BH 3800 RD - 2011 Underbelly Upgrade - Opinions Wanted

gomcalli

Member
Hi everyone,

I would like to thank everyone in advance for your opinions and suggestions.

Taking you back in time about a month and half ago a blackwater leak was found and the coroplast belly material held quite a few gallons of smelly stuff. It was repaired (cross threaded connection and valve seal damage) on warranty, but unfortunetly the dealership didn't replace the coroplastic board (black platic corragated board under unit) and now it sags like a dirty diaper. At this point that sagging is fine but I am a man who likes to upgrade!!!

I am proposing using 25 gauge 1 5/8" steel stud tracking to frame in 2' X 6' polystreren foam board. On the exposed foam board I would re-use (go green) the coroplatic board and the interior use the silver bubble wrap and screw the panels to the frame.

I see two huge benefits. First, the extra insulation for the cold Canadian winter (brrrr) keeping my feets warm. Second, the ability to remove sections of panels to inspect and repair as required.

With every good thing there has to be a downfall. This modification would mean the underbelly would be 1 5/8" closer to the ground.

What I would like from all readers and posters alike is to think if this is worth the trouble, cost and possible issue of contacting the ground when towing.

Thanks for your participation.

G



I see
 

boatdoc

Well-known member
IMO, Not worth the time, Not worth the cost and no way is it going to bottom out if you do add it. If it's that cold where you're at, it's time to go South.
 

kkamshop

Well-known member
We are also pondering the replacement of the coroplast bottom to allow access and drainage in segments. Not sure what we will do exactly, but the current plan is to use the foam board up against the floor (to keep it dry) and sheet metal with drains similar to the ones in the utility compartments.

We will watch this thread for ideas and updates.
 

Bob&Patty

Founders of SoCal Chapter
Question, why would you insulate the BH that way. I did mine in sections and screwed the 2" foam board to the wood flooring. You will be surprized when you drop the underbelly and see that you have about 8-10 inches between coroplast and the floor. In fact, in all the places I could I doubled it with screws and constrution adhesive.

You want the BR floor warmer....install the foam board in the aluminum stringers inside the front and side storage compartments under the BR floor.
 

gomcalli

Member
Thanks for everyone's opinion so far.

To add to my original post I should have included I was toying with the idea of a small ceramic space heater to heat the void between the new panels and the underside of the wood flooring. I think this is a benefit since I prefer the space heaters in the interior of the unit as primary heating source and the furnace as secondary. My preference for space heaters is for two simple reasons a) that furnace is loud (what I think is loud) b) not having to run out of propane every few days. Saying that, if I use space heaters as primary, the underbelly void will not have a regular heat input and I would run the risk of freezing plumbing components.

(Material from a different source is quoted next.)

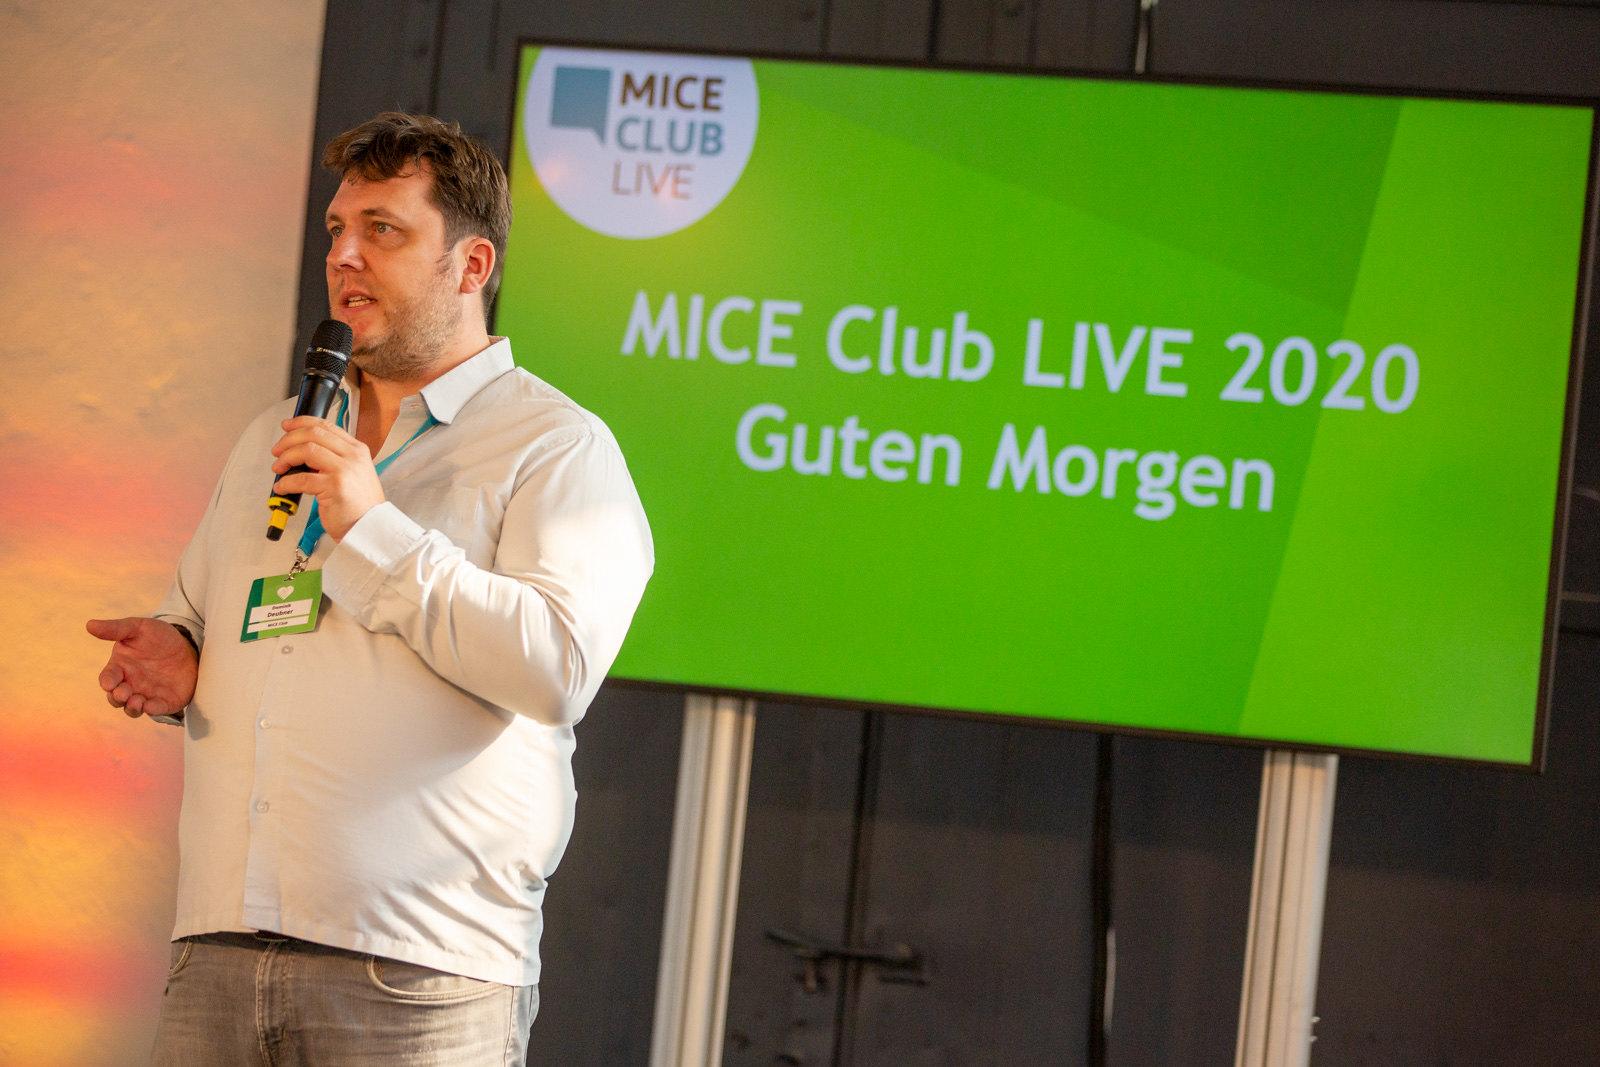 MICE Club LIVE 2020

If the panels and side frame are well insulated with the panel board I proposed then I only foresee the heat trapped in the underbelly void and warming my feets. I think this is a extremely basic version of the Korean Ondol heating systems. http://en.wikipedia.org/wiki/Ondol

If I remember correctly I think only 10% is heat is lost to the floor and 50% to the upper, so I that is correct I should have more heat radiating through the floor and warming my little piggies and while having to heat the living space less.

Please keep throwing thought around.

G
 

2010augusta

Well-known member
G,

As I am currently fighting with this same issue right now, I will share a few thoughts. (keep in mind we have a 2010 and some of the system have been redesigned)

Our grey #1 tank is mounted very low and currently sages about 5" below the frame when full. I am going to try to reinforce something under the tank to keep it from sagging as much, but this will probably be external of the chloroplast.

Providing drainage is key, there are MANY hole, gaps, and openings in the frame, chloroplast, and cross-members. This allow for road-spray, and condensation to become trapped in the underbelly and make thing damp. You don't have to have a water leak to get a good amount of water trapped on the chloroplast.

There are many barriers and other thing that would make it hard for a small space heater to circulate heat and air through-out the underbelly.

There are a few items that would be hard to lower, i.e. the rear jacks.

Weight, we are already close to being over the GVWR of the trailer and adding more metal, ever if it is a couple dozen Aluminum cross-beams would add too much.

I truly believe that the under belly can be done better, but I just have not had a chance to crawl under enough SOBs to know how they are done. I am to the point that after I put some heat tape on the fresh water tank supply line and drain, I will just replace the ruined matting with Styrofoam and put it all back together and just reinforce the sage of the grey tank.
 

herefishy

Well-known member
Are there metal straps running under your tanks to support them when they swell with stuff? Our present trailer has a panel in the underbelly where you can get in it to look around, although there is not enough room to do much.